Production retrieval system design is a discipline. It works backward from requirements, makes scale-appropriate architecture choices, plans operations explicitly, and budgets cost up front. The teams that ship retrieval well follow the same process; the teams that struggle skip steps.
1. Requirements. What's the actual user-facing problem? What queries? What corpus? What latency budget? What quality bar? Without explicit answers, you're optimizing in a vacuum.
2. Sizing. How big is the corpus today? How fast is it growing? What's the QPS at launch and at peak? What's plausible growth over 18 months? Numbers, not guesses.
3. Architecture. Given the requirements and sizing, what retrieval stack? Distributed or single-node? Pure dense, hybrid, ColBERT? Fine-tuned or off-the-shelf embeddings? Each previous Advanced day gave you the rules — this step applies them.
4. Operations. Eval infrastructure, monitoring, alerts, deployment process, on-call. This is what makes the system stay good after launch.
5. Cost. Explicit estimates of monthly cost across embedding API, storage, compute, observability. This determines what's even feasible.
A team that does these five steps in writing produces a system that ships. A team that skips to "let's use Pinecone" produces one that costs five times what it should and underperforms.
Steps 1 (requirements) and 5 (cost) are the most frequently skipped. They're harder than the technical steps and they often surface uncomfortable answers (the requirements aren't fully understood, the cost is much higher than expected).
The discipline that distinguishes mature teams: write the requirements doc before picking the vector DB vendor. Estimate the cost before committing to an architecture. Discover bad fits on paper, not in production.
Real failure modes from teams that didn't do this:
These aren't hypothetical. They're the default outcome when teams skip the design process and start coding.
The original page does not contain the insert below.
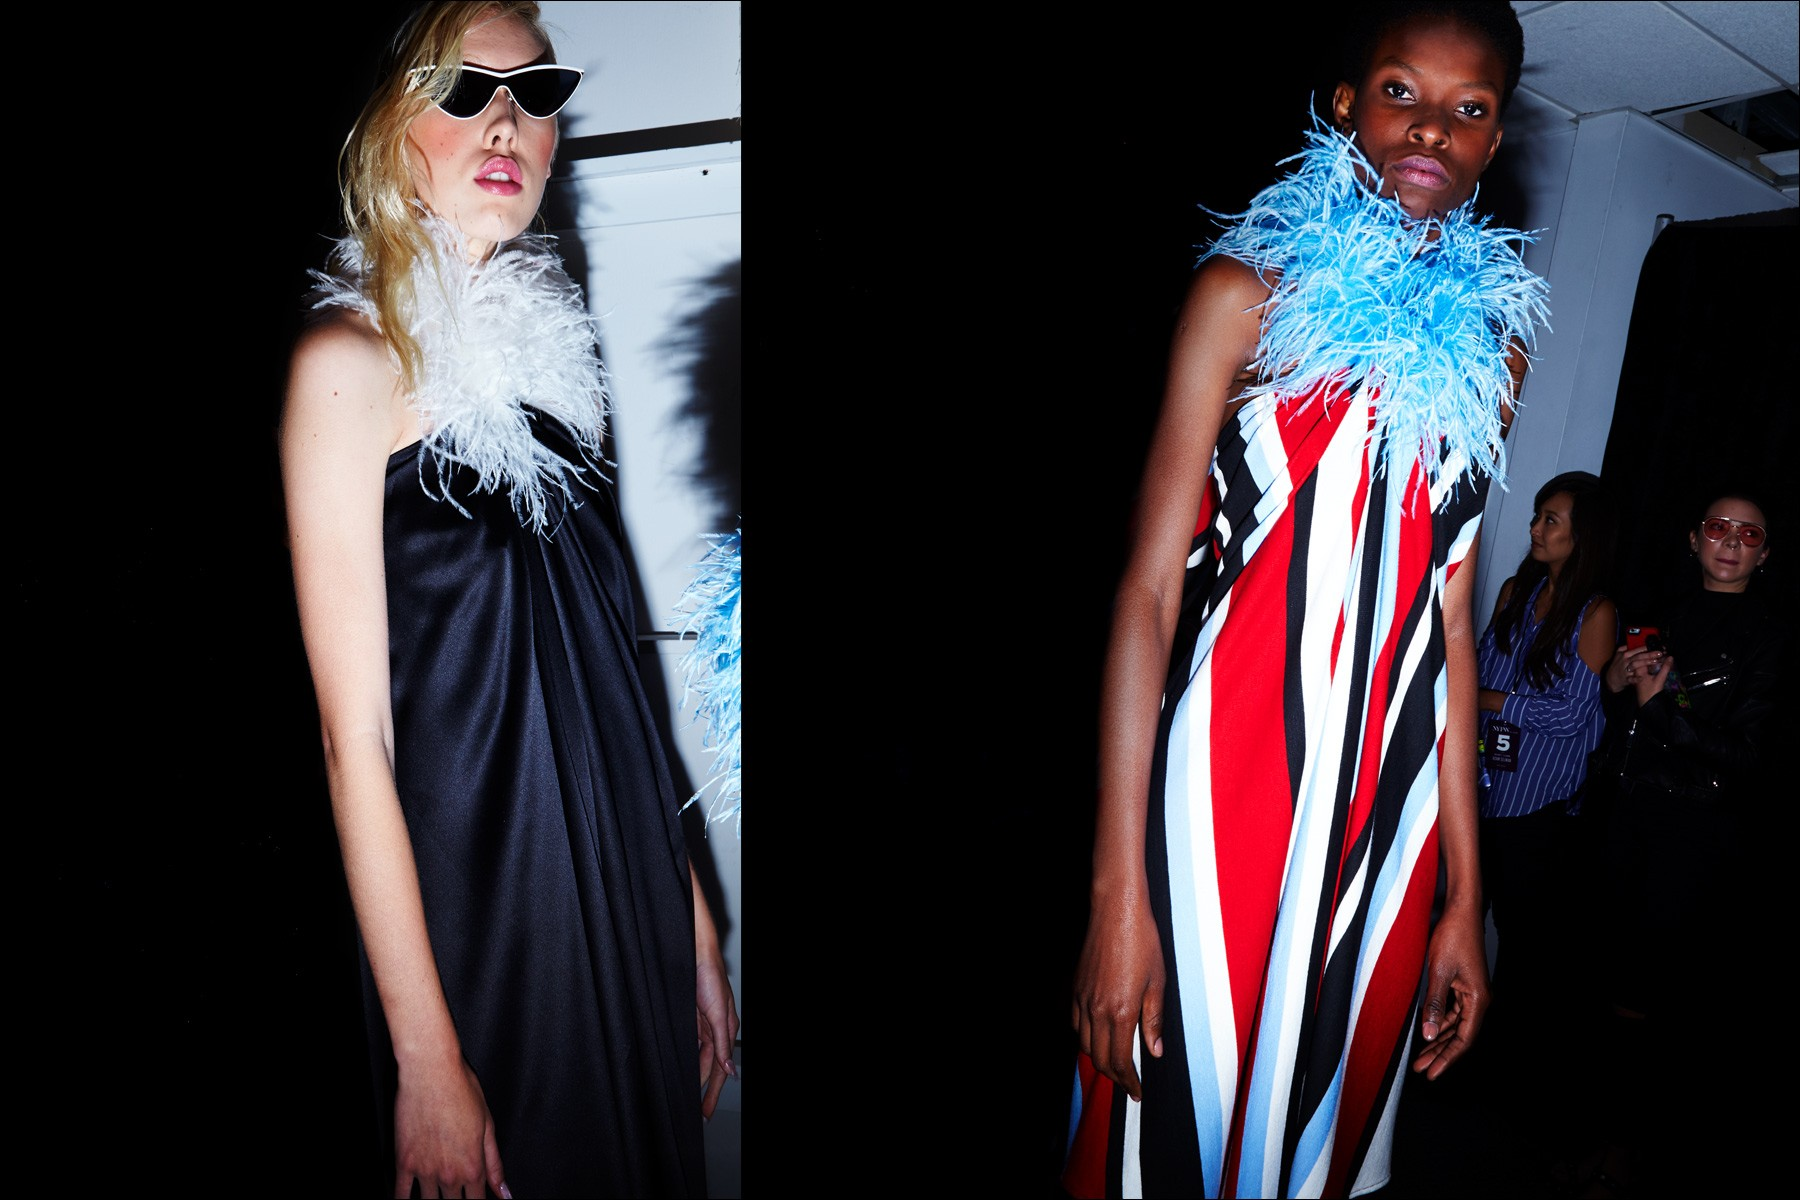 Models Tyg Davison & Barbra-Lee Grant photographed backstage before walking at Adam Selman S/S 2018 womenswear show. Photography by Alexander Thompson for Ponyboy magazine New York.

A retrieval system design doc looks something like:
Project: Customer support Q&A bot Requirements: 50K docs, 100 QPS, p99 < 2s end-to-end, 90% recall@5 Sizing: 50K docs × 1536-dim → 300MB; 100 QPS → single-node OK Architecture: pgvector + tsvector hybrid + cross-encoder rerank Operations: 200-query gold set, CI eval, daily drift check, single on-call Cost: ~$200/month Risks: corpus expected to grow 3x in year 1 → may need migration to dedicated vector DB
Four sentences per section, signed off by the team before the first line of code. The doc is small but it forces every decision to be conscious.
The next two sections walk through TWO concrete case studies — one small project, one large. Sections 4 and 5 cover the cost modeling and launch operations that apply to both. By the end, you'll have seen the design process applied end-to-end on systems at very different scales.
The exercises ask you to do the same: size a system, model its cost, decide its architecture, and validate the resulting design against requirements.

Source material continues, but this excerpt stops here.